After the long 2 hour car ride to Gyumri, we pulled up to the orphanage and were amazed at the beautiful artwork and landscaping that surrounded the playground for the kids. We walked into the building with smiles on our faces, ready to meet the children and host a fun VBS session for them. All of our expectations quickly dissipated as Dr. Syuzie informed us that 99% of the 126 children at this orphanage suffered from some sort of neurological or developmental disorder. We were split into two groups and were each led to a different area of the orphanage for a tour, still unaware of what to really expect. As we entered the first room we were left speechless by what we saw. Words even fail us now as we try to describe the devastation we encountered. It is beyond difficult to see these helpless children suffering from these terrible illnesses, and knowing that they don’t have the love or affection or even touch of their parents to help them through it. The condition of those children left members of our group in tears. Throughout the tour we all “observed” that no one informed us about it being a special needs orphanage and thus we were not emotionally or mentally prepared, still nothing could really have prepared us for the tragedies we witnessed. We ended the tour feeling discouraged and ill equipped to make a difference in these children’s lives. We decided to move forward with some sort of variation of our VBS by spending some quality time with the kids, unsure of the impact we could have, or if we could even keep ourselves together given the emotional toll the tour took on us.

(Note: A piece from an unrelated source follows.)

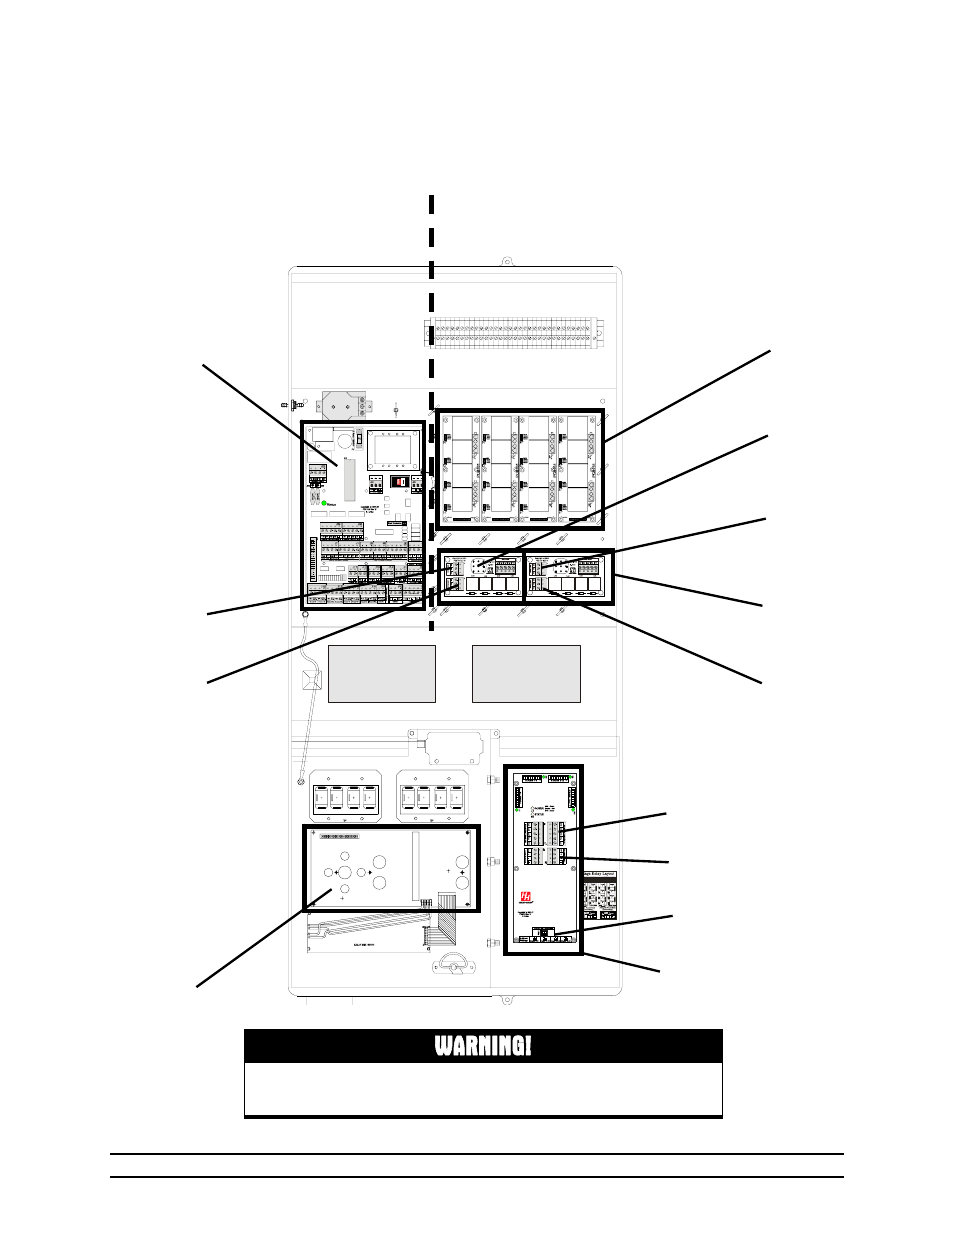 Ul 924 Relay Wiring Diagram

As soon as we walked into the playroom, the little ones welcomed us with big smiles and warm hearts. We were stumped to find that children experiencing such physical pain were stronger than we were, but encouraged by this realization, we quickly unpacked our bag full of crafts and started to play with them the best way we knew how. It did not take long before the discouragement we felt initially faded away as their laughs and smiles filled up the room. Reflecting on why they were so happy to see us, we all came to the conclusion that aside from any physical healing, touch and interaction was what these children needed.